**WHAT YOU SHOULD DO**
Below are some records. Return exactly their lines from the one containing "Close Up Highland" through the one containing "Pango Build City: Kids Activity App", and drop the pictures.

**PROVIDED ENTRIES**
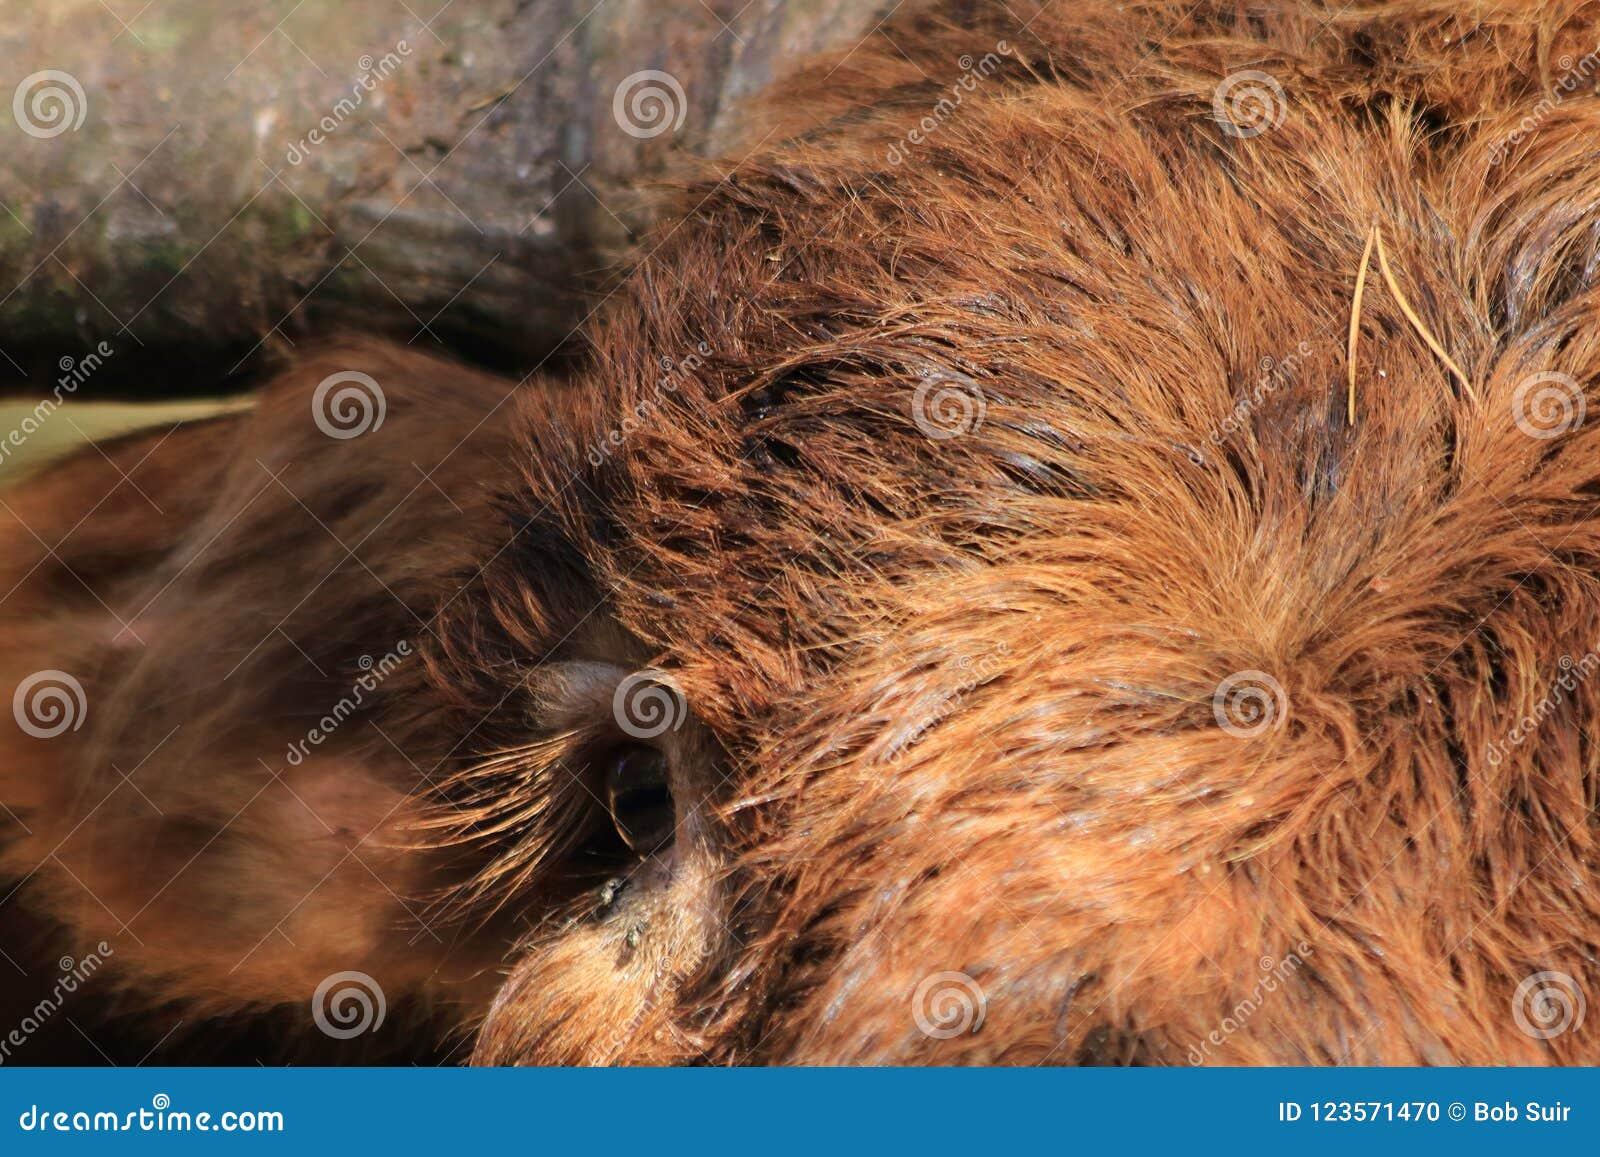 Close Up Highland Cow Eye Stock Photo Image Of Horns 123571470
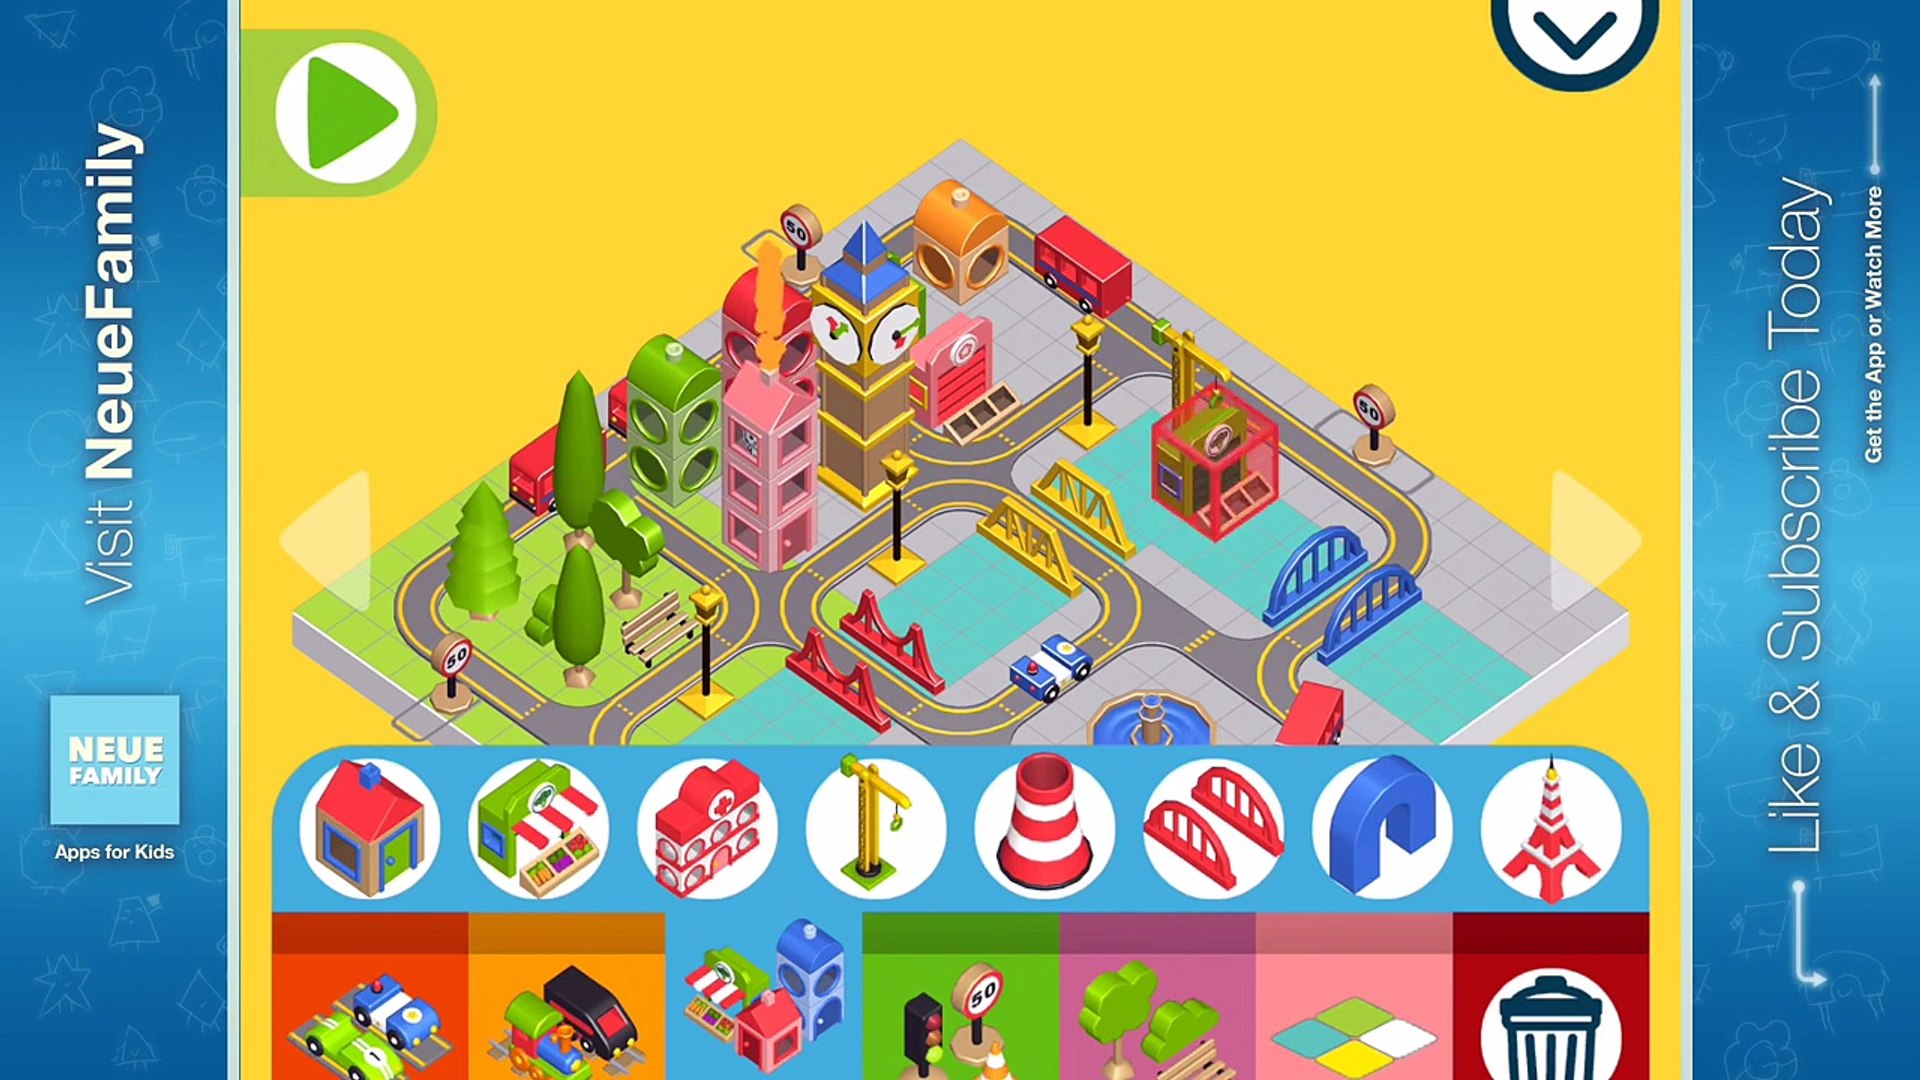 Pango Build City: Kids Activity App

---

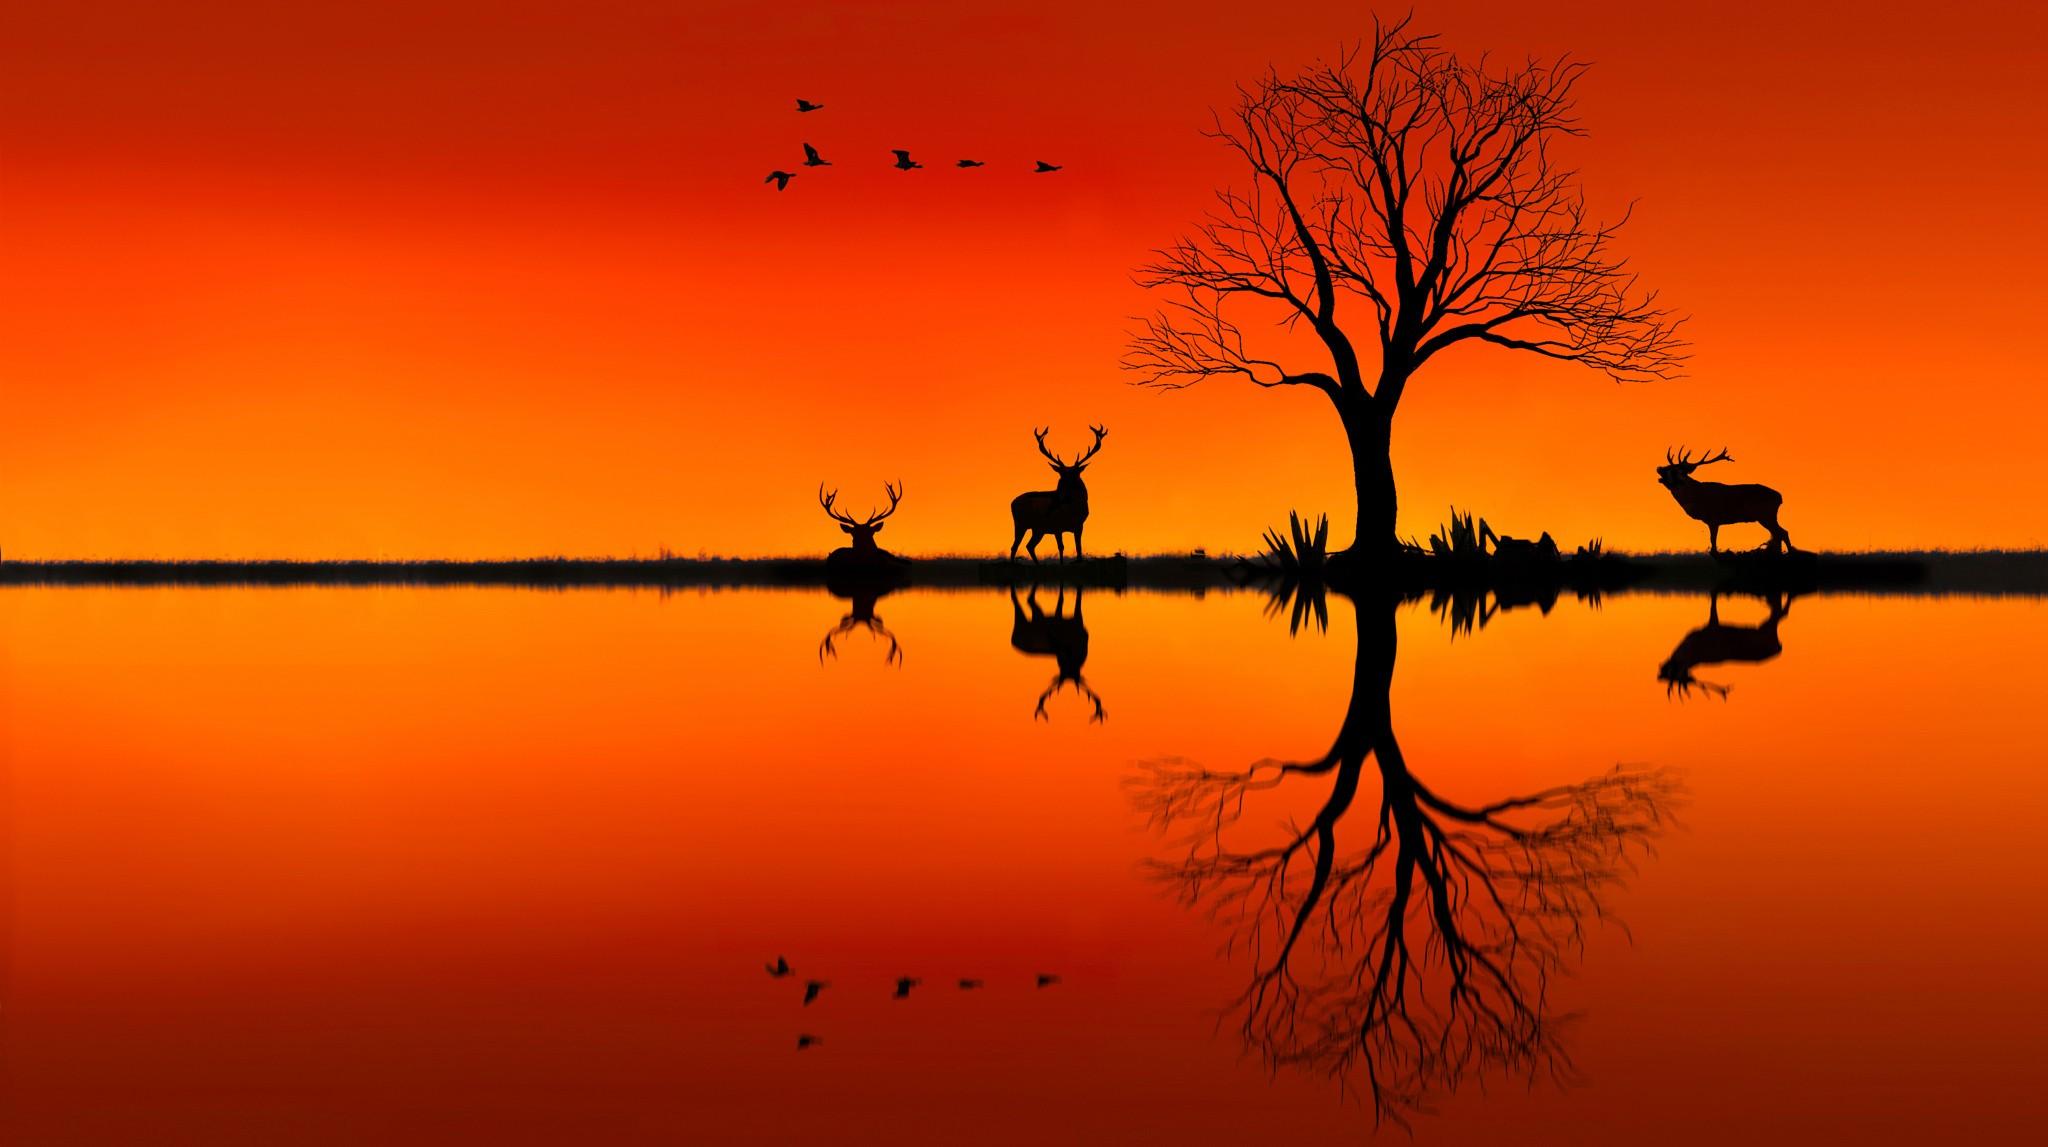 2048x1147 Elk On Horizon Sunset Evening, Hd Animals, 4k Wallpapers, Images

==

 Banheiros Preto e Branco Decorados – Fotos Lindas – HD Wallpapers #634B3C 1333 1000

**OUTPUT FOR THIS TASK**
 Close Up Highland Cow Eye Stock Photo Image Of Horns 123571470
 Pango Build City: Kids Activity App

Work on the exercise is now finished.